**Instructions for the task**.
Without the images, print all the entries below exactly as given.

== Available records

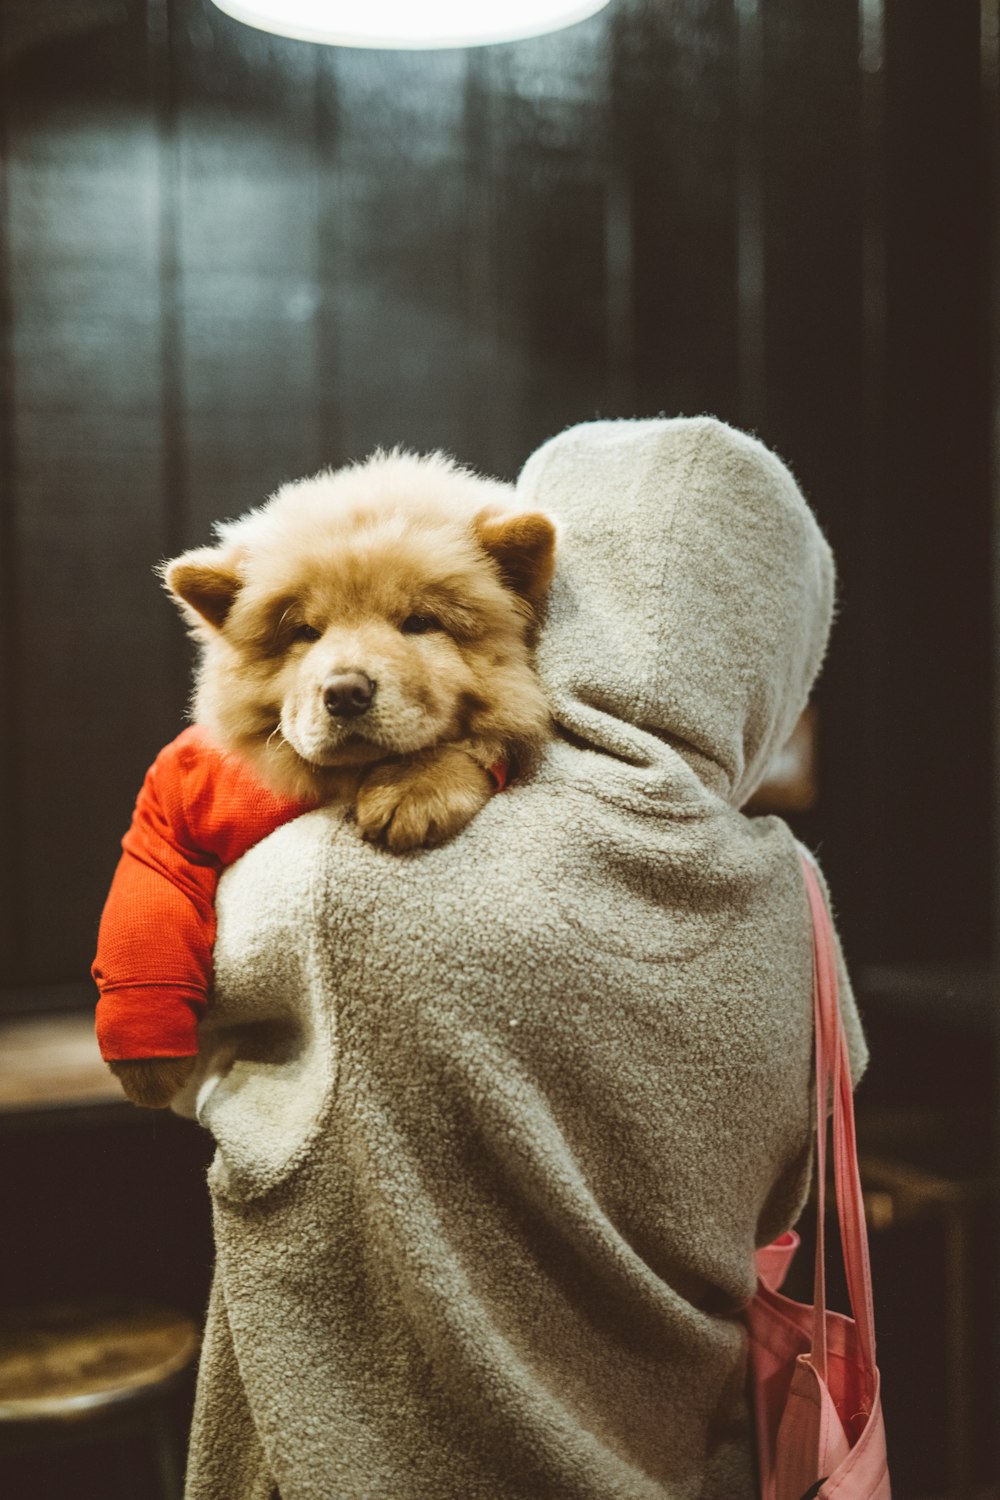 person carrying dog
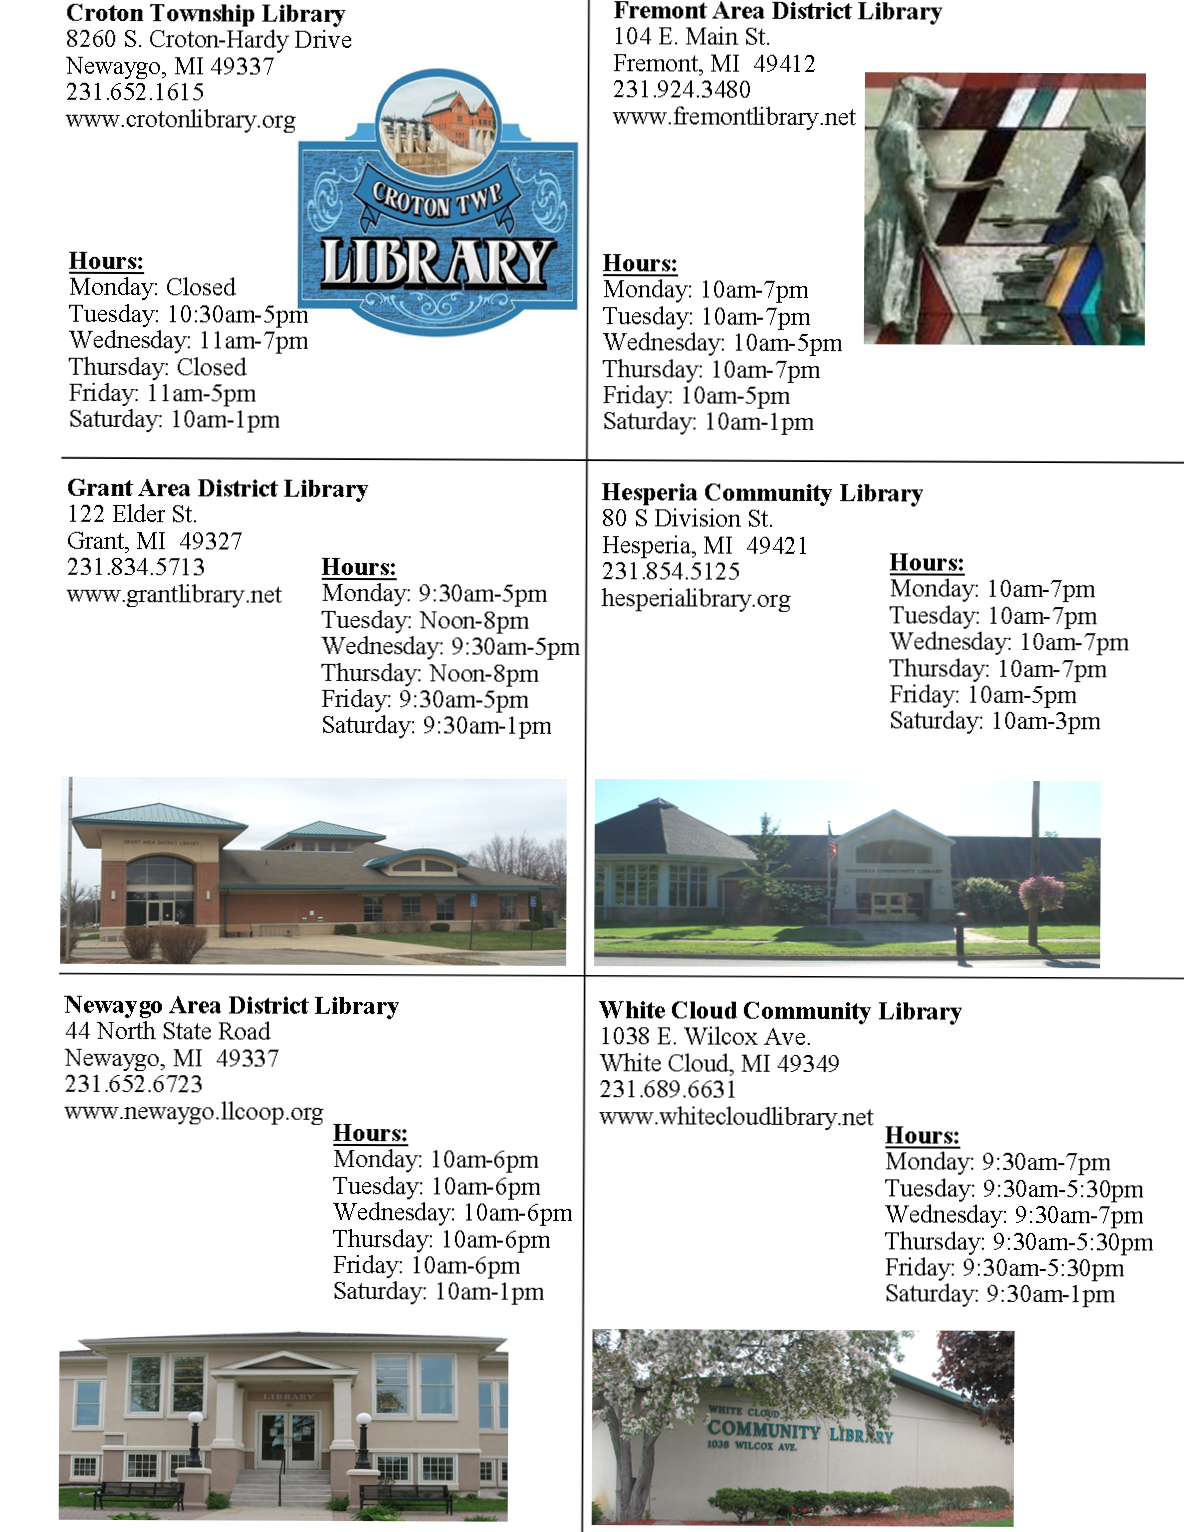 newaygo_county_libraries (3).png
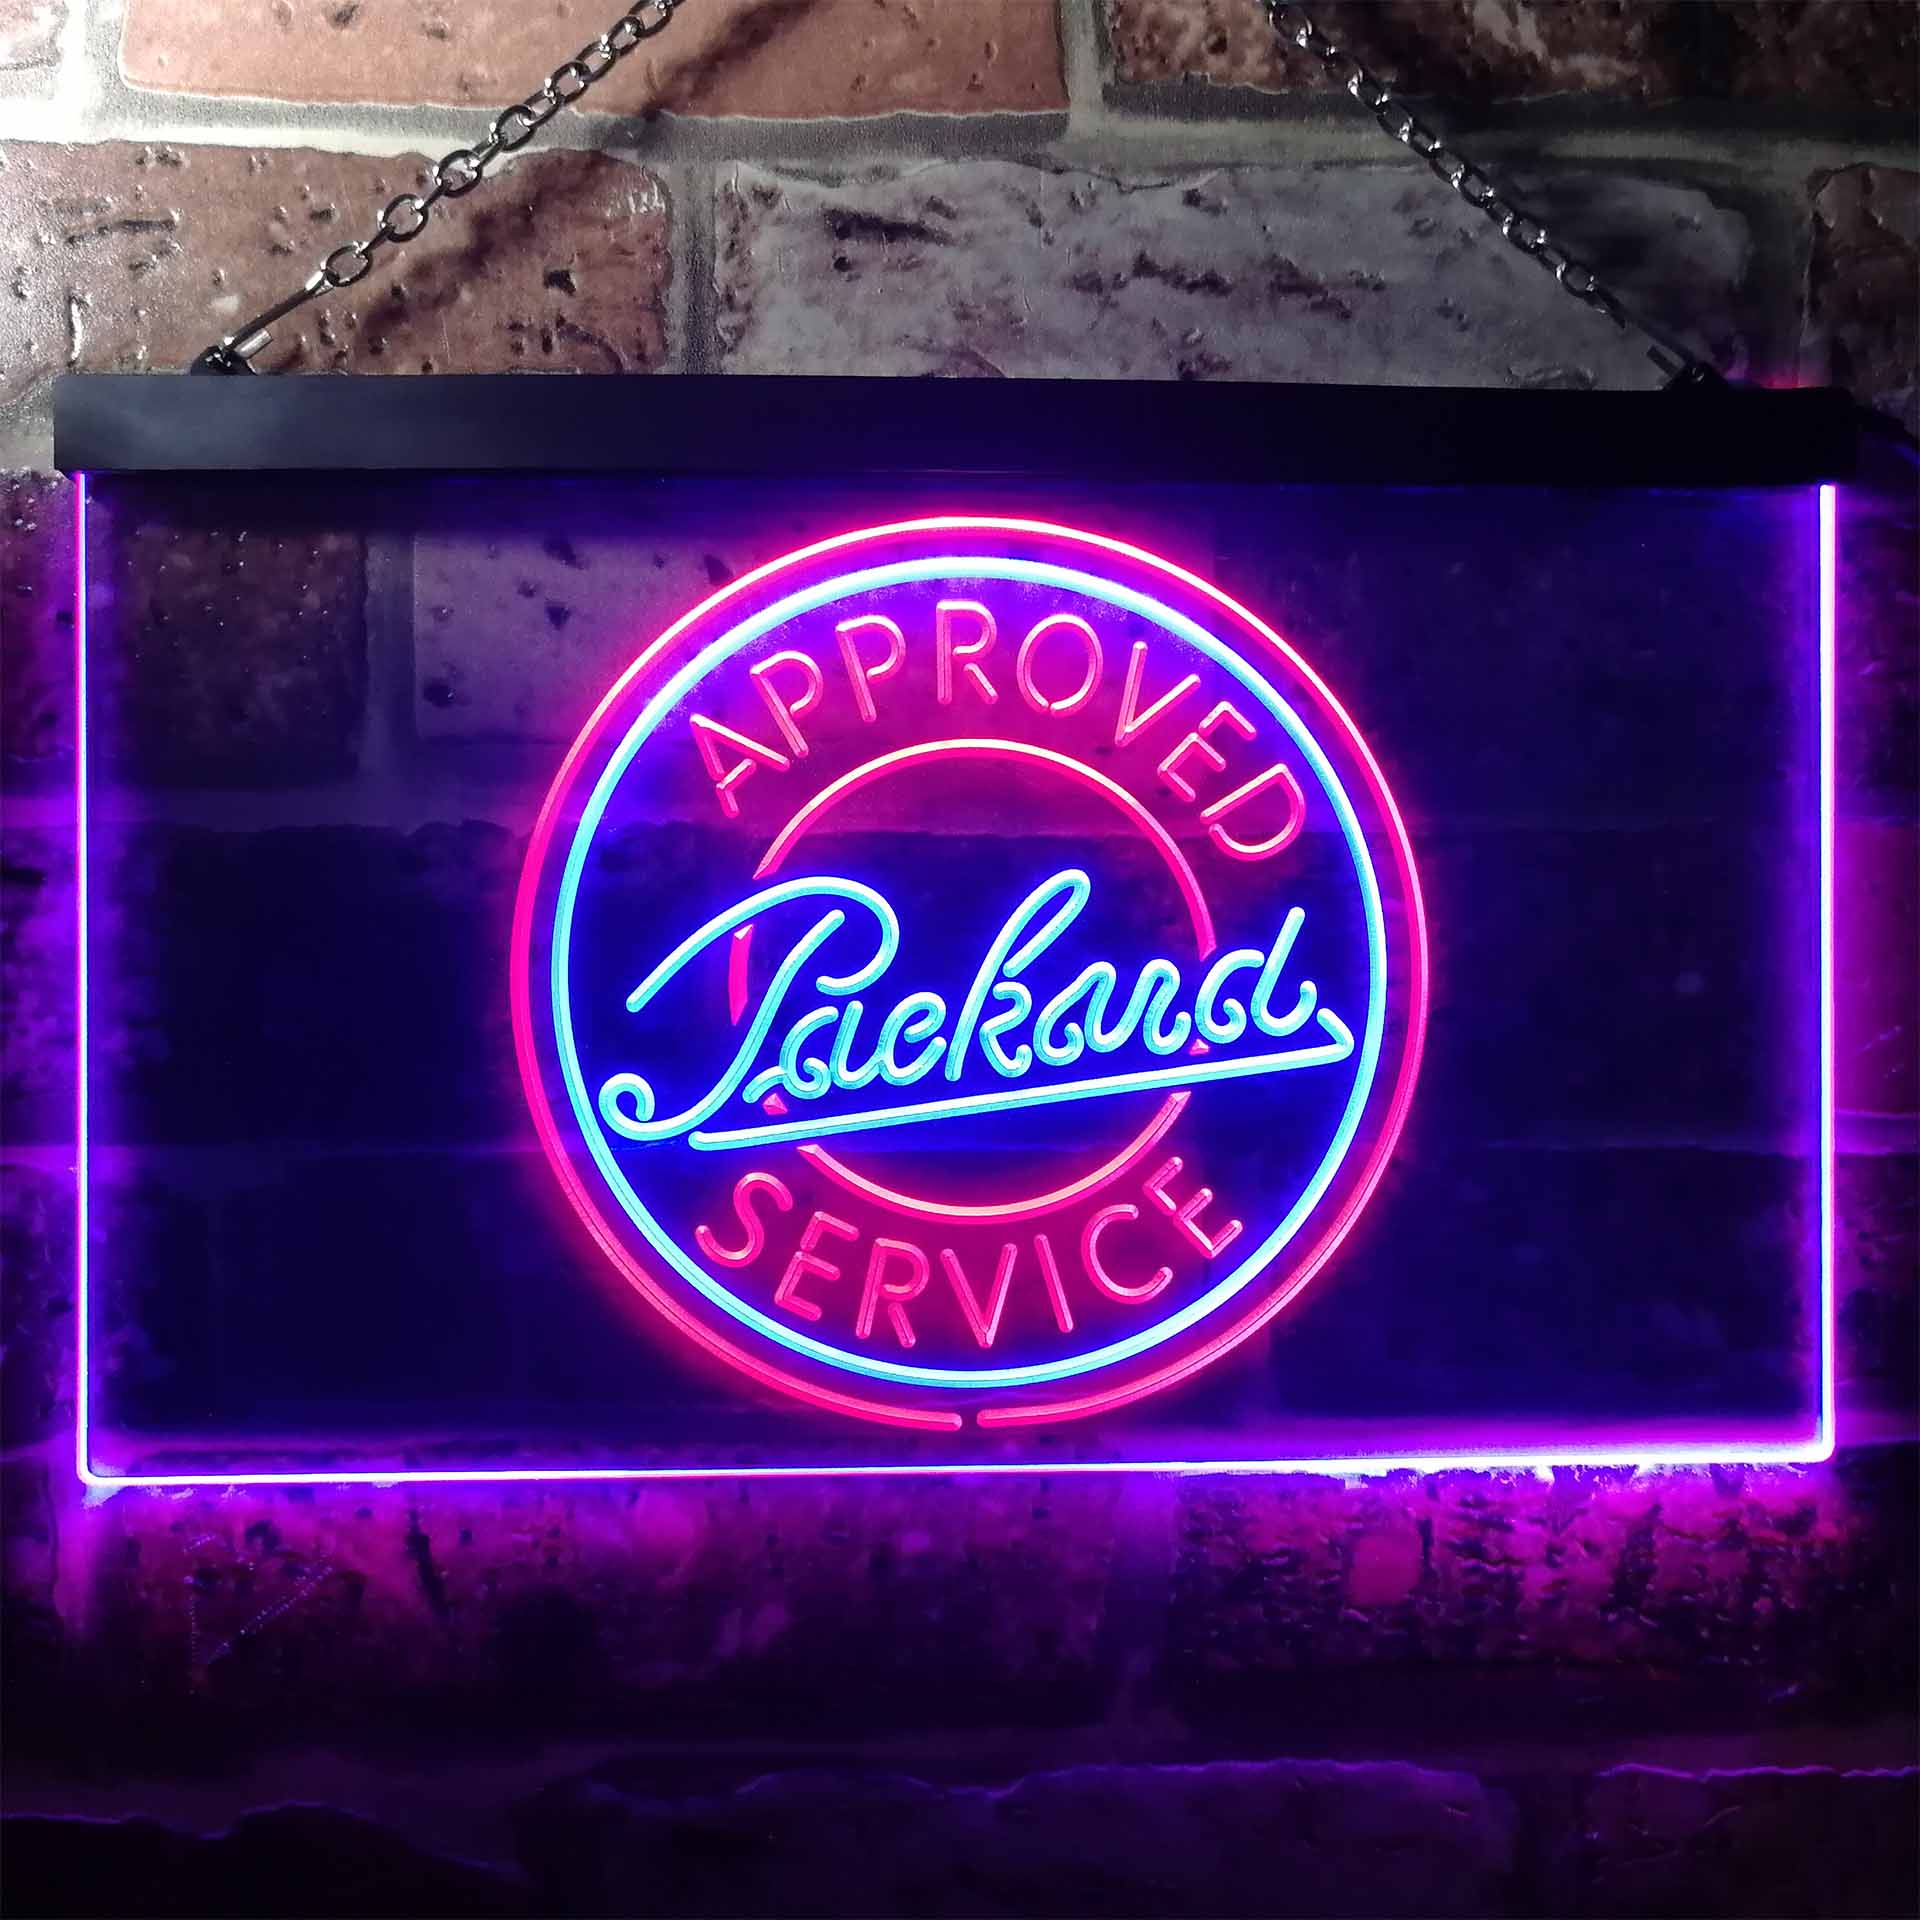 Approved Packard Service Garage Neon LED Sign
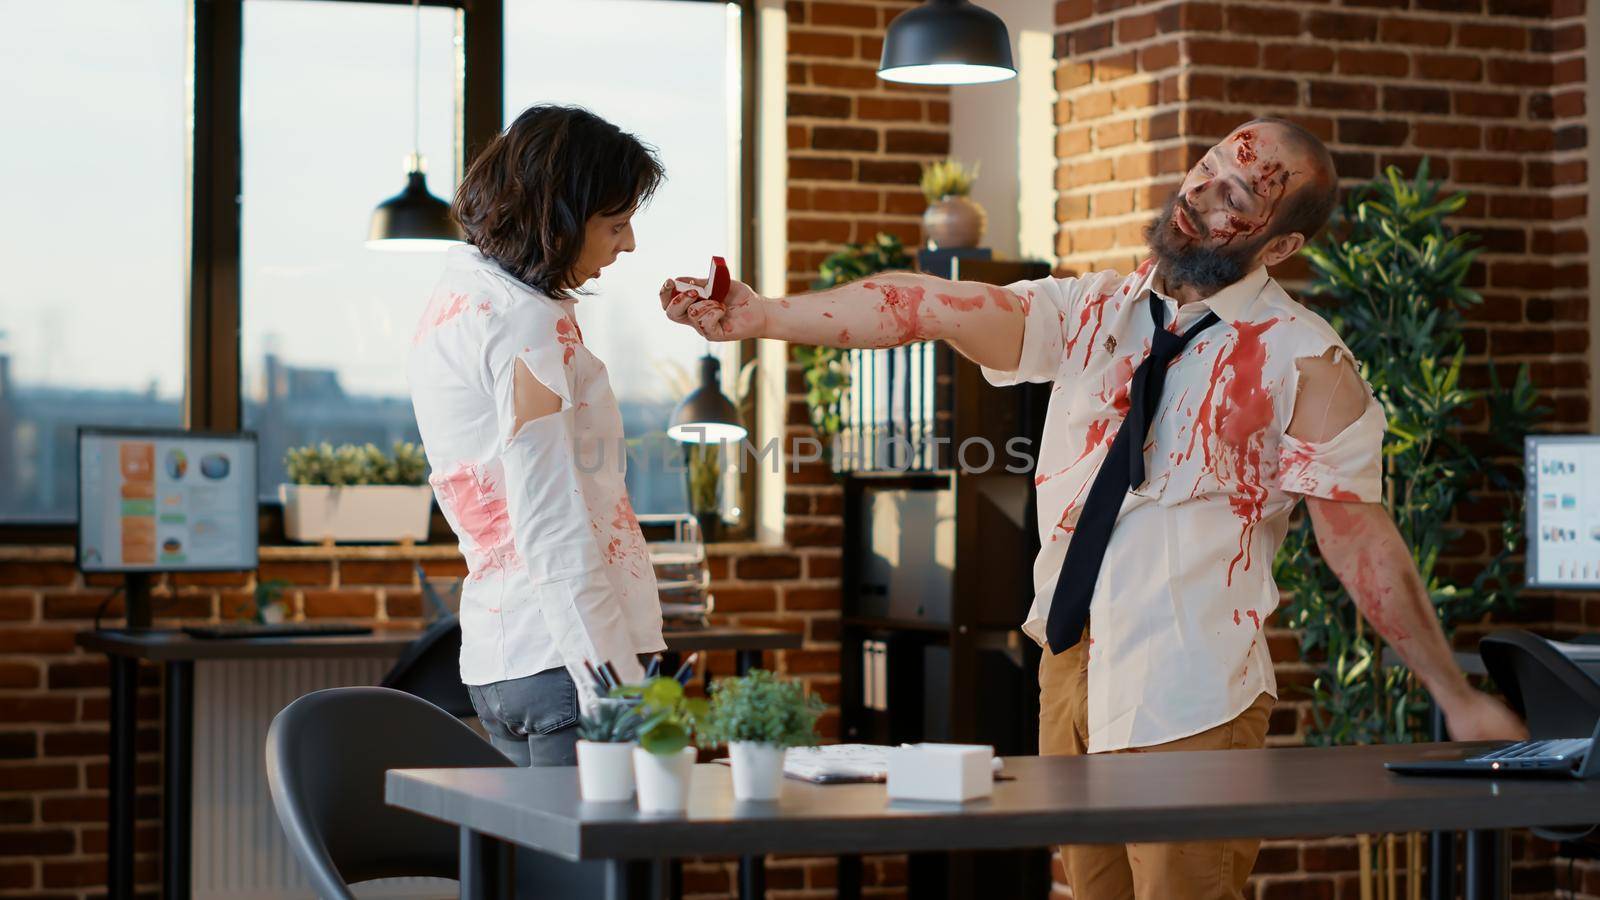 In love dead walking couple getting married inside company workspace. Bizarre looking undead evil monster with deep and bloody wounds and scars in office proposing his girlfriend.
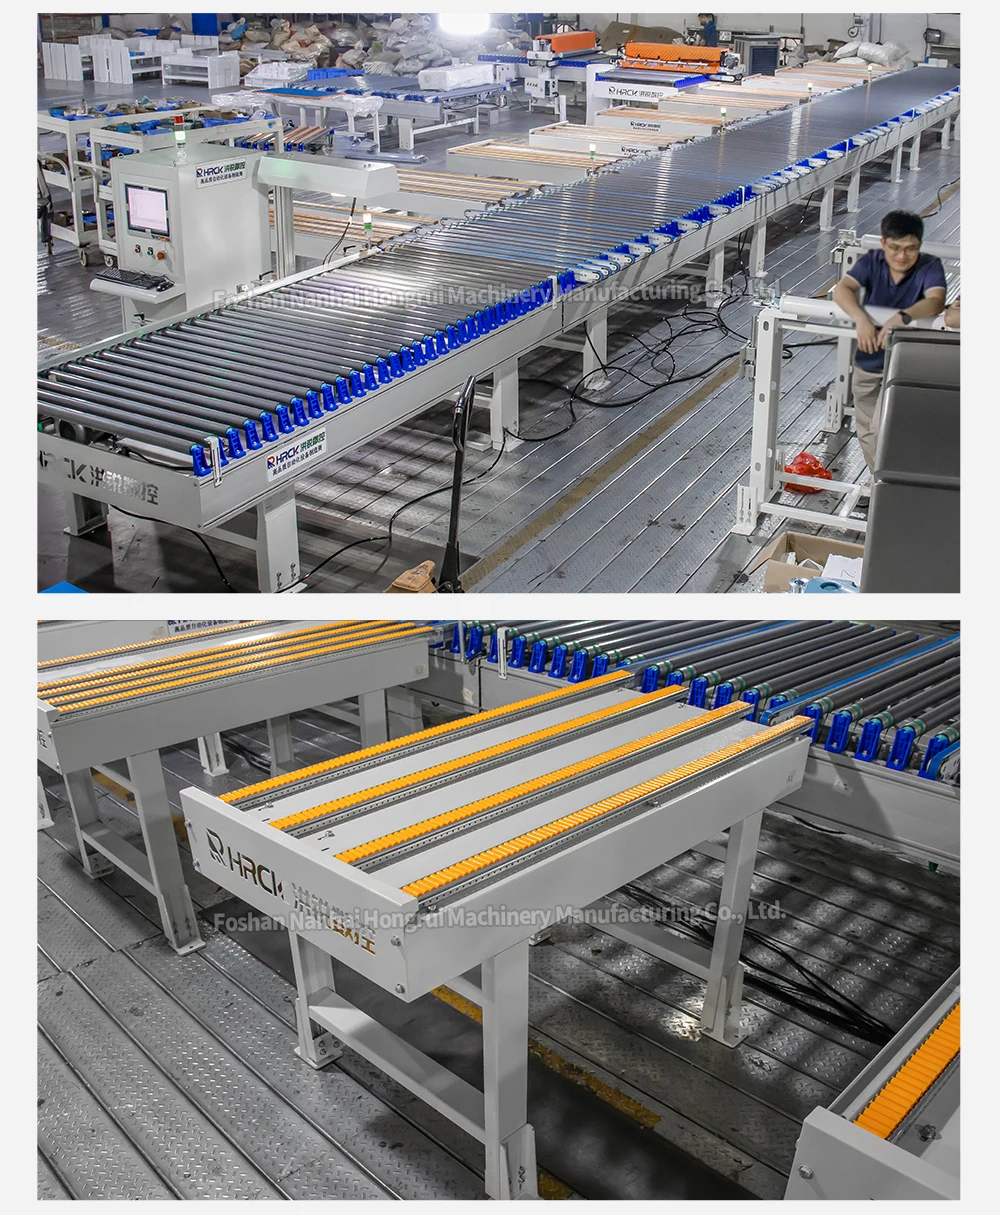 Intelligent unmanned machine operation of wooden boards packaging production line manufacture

====

**Exercise output**.
 person carrying dog
 newaygo_county_libraries (3).png
 Approved Packard Service Garage Neon LED Sign
 In love dead walking couple getting married inside company workspace. Bizarre looking undead evil monster with deep and bloody wounds and scars in office proposing his girlfriend.
 Intelligent unmanned machine operation of wooden boards packaging production line manufacture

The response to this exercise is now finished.